Compilers of this bibliography have employed the Sri Lanka National Bibliography as the core source for information for decades. All published works (even those that are self-published) are required by law to be despatched to the National Library and Documentation Centre of Sri Lanka which produces the bibliography. Numbers would appear with unfailing regularity each month. As I have mentioned in my recent introductions, however, this publication is now considerably delayed (it is the middle of 2021, but only the 2019 issues are publicly available) and to this has been added a deviation from standard bibliographical practice, from about 2019, in not always providing the total number of pages of published books. Then again, the convention of giving the same information in formally reviewing, say, a novel or collection of poems in newspaper or academic journals, seems to have also been abandoned. This results in a conundrum for the compiler of the bibliography: to have some entries with page numbers and others without is unprofessional but to leave out items for this lack would be equally unacceptable.
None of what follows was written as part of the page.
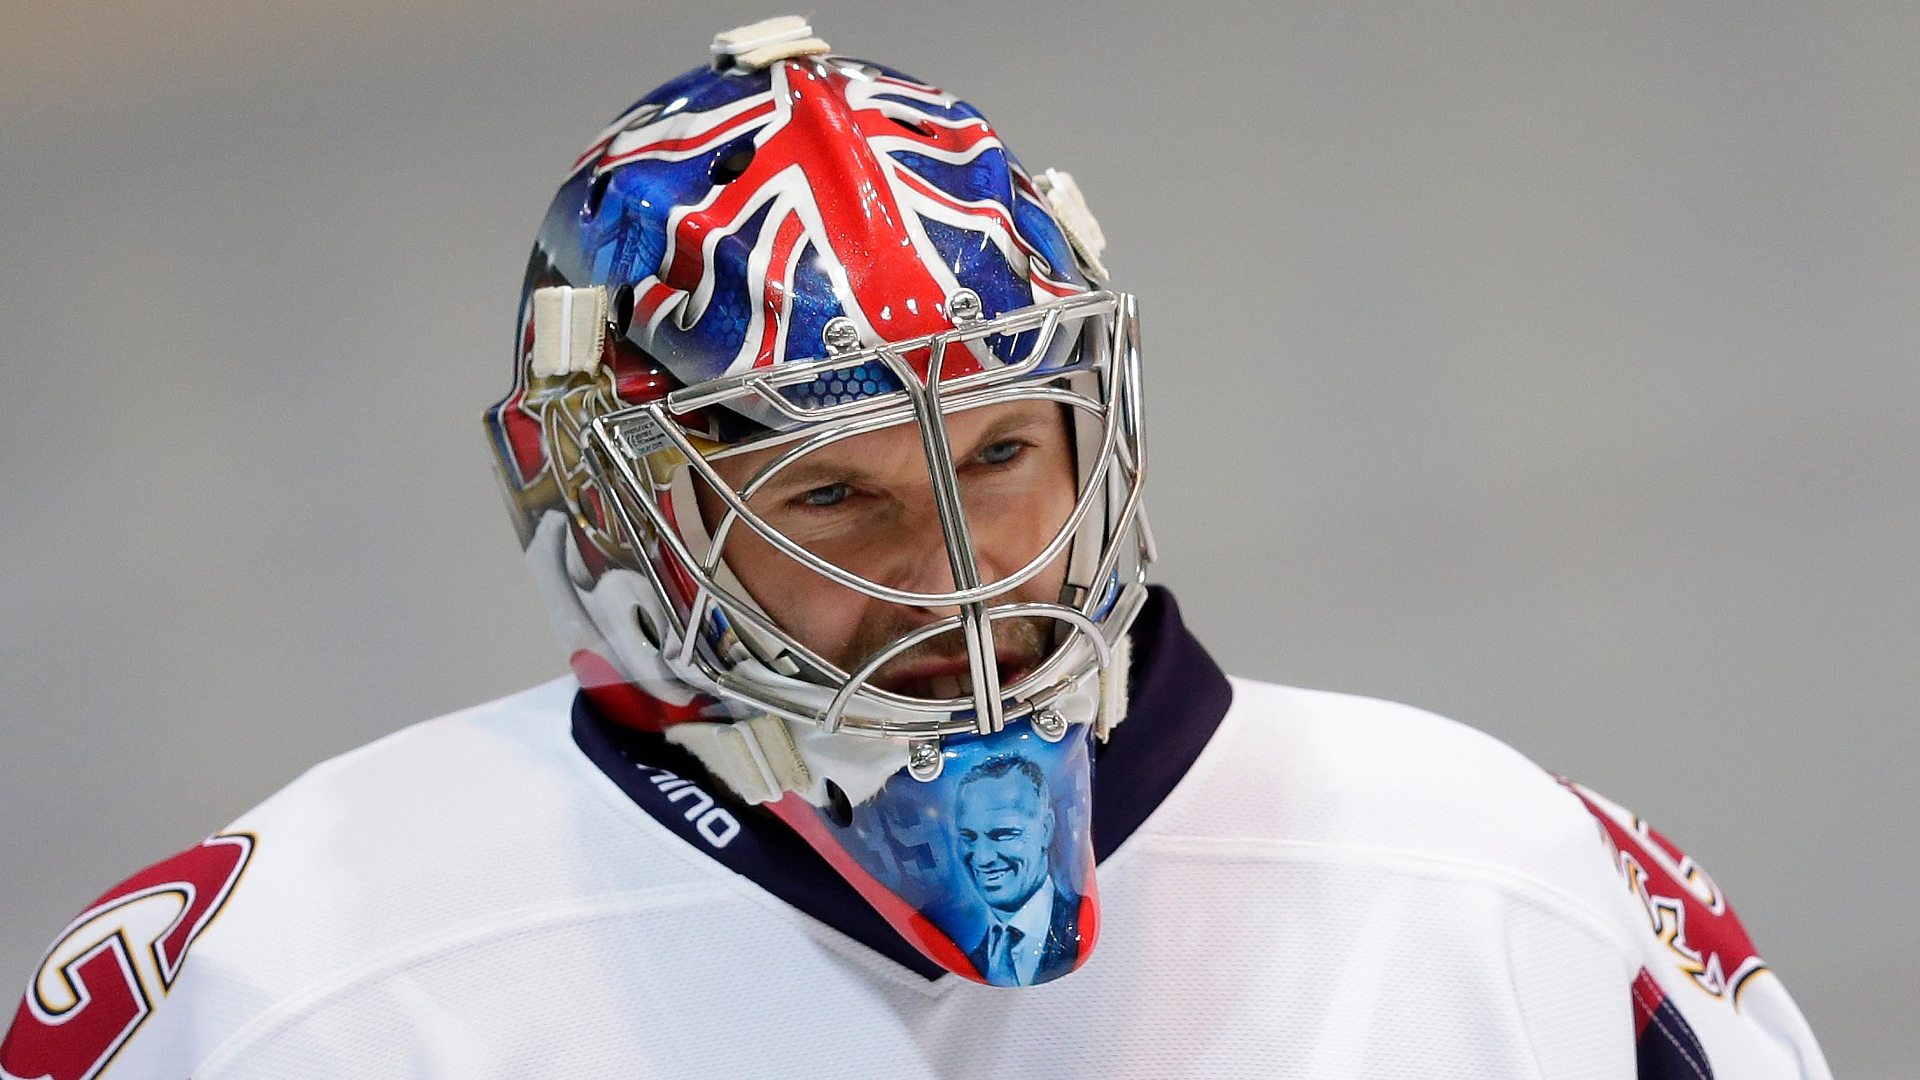 Petr Cech Saved a Penalty to Win a Match on His Ice Hockey Debut
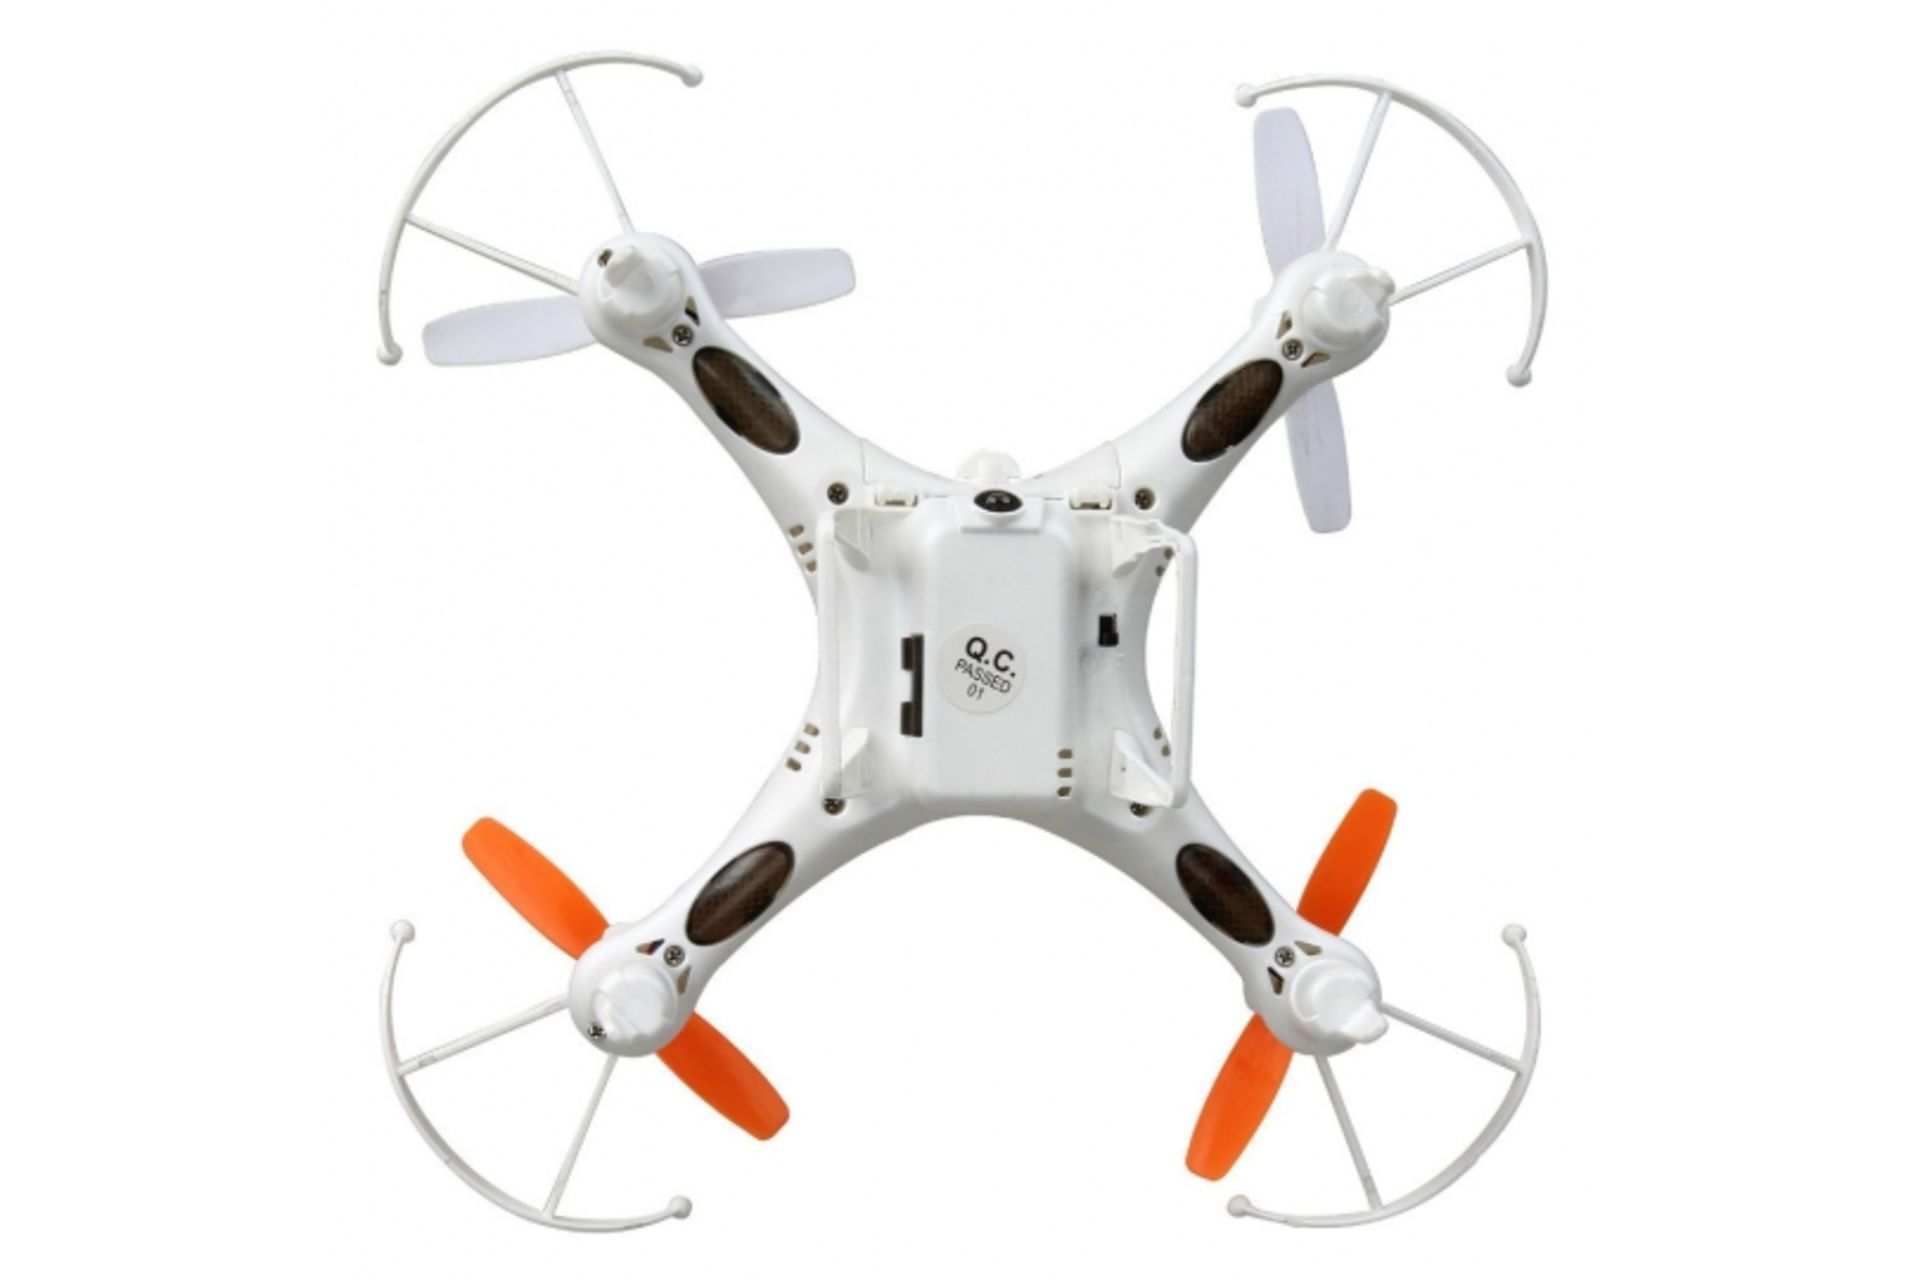 SKYTEC RC QUADCOPTER 4 CHANNEL 6 AXIS 2.4Ghz BNIB - Image 2 of 13

Under the circumstances, it was decided to include all records without indicating the total number of pages in some entries.
This is my 26th compilation of the bibliography on Sri Lanka and easily the most challenging, given the pandemic and the closure of libraries and bookstores. While I appreciate writers and colleagues who gladly agreed to write a few paragraphs on their own work, or those of others, I am especially grateful to Thanuja Lamahewage who compiles the English section of the Sri Lanka National Bibliography, and Anoma Wijesinhe, Assistant Director Bibliography Division, for going beyond the call of duty and providing me with what information was available when the SLNB was still in draft stage. Such kindness shown to a stranger working on a bibliography for an unrelated journal is truly commendable.
Footnotes
Funding
The author received no financial support for the research, authorship, and/or publication of this article.